As I mentioned above, naively using commits with their messages for instruction-tuning seems like a very noisy way to create dataset, though it avoid some problems with licensing. But at least filtering commits in a stricter way should be helpful. For example, in [Textbooks Are All You Need](https://arxiv.org/pdf/2306.11644.pdf) they train a random forest based on the annotations provided by GPT-4 (which perhaps can be replaced by manual labeling) and then select data with high educational value using this random forest. Just this step alone increases pass@1 on HumanEval for 1.3B parameter model from $17\%$ to $29\%$ (note that `Refact-1.6B` gets $18\%$ according to the authors, so by simply using higher-quality data, even without instruction-tuning, they could have almost doubled this result). 
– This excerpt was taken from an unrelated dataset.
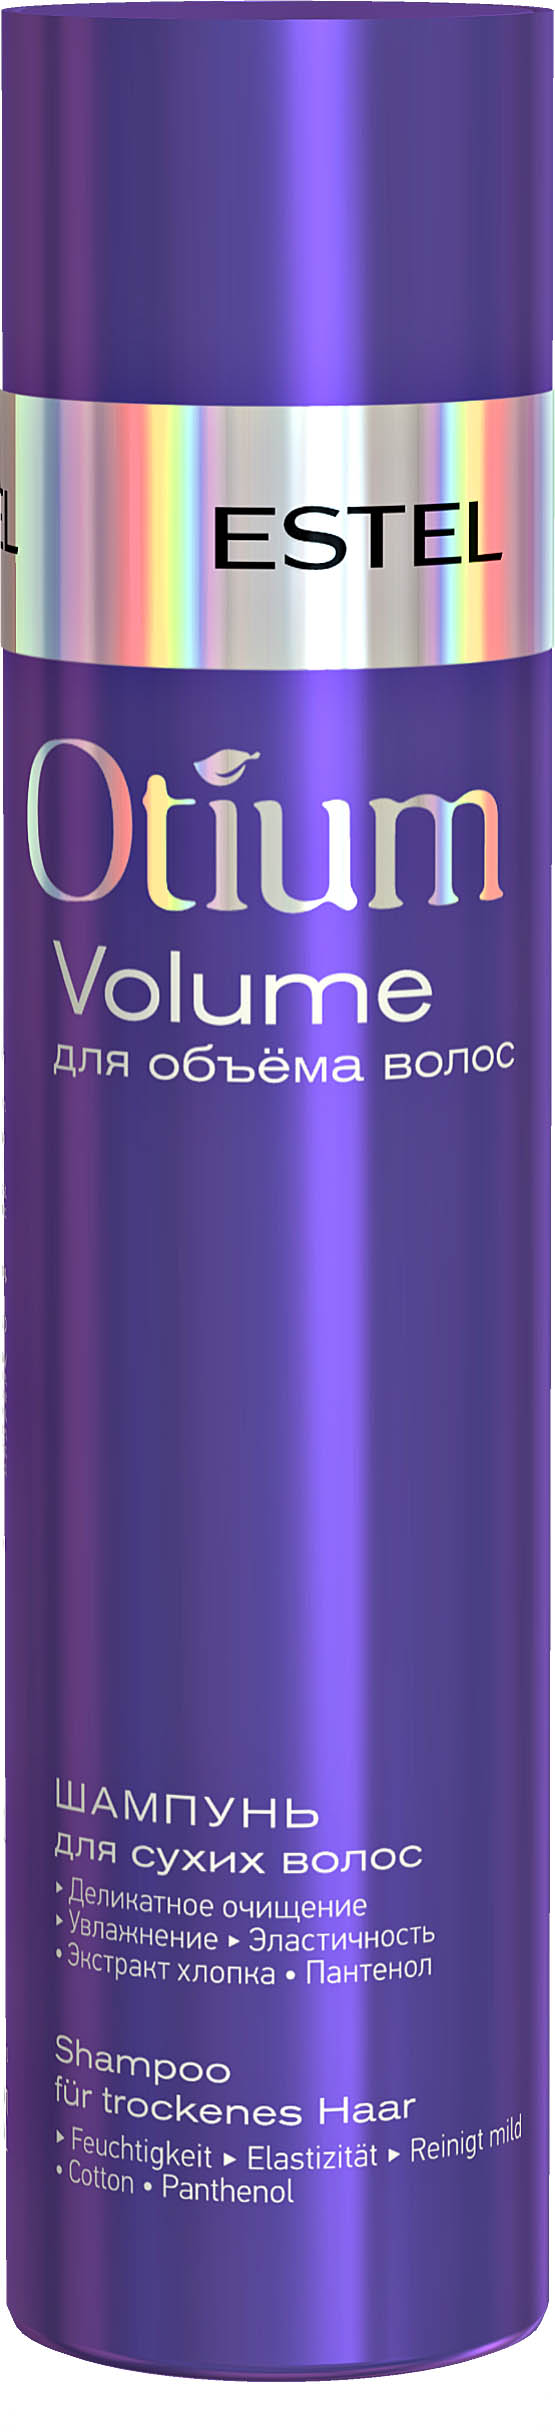 Шампунь для объёма сухих волос OTIUM VOLUME, 250 мл OTM.21

And when open-source models are or will become good enough, extracting synthethic synthethic exercises from them (where instruction completely describes what needs to be done) will be another huge boost for models with permissive licenses, again as shows in Textbooks Are All You Need ($29\% \to 51\%$ for the same 1.3B parameter model).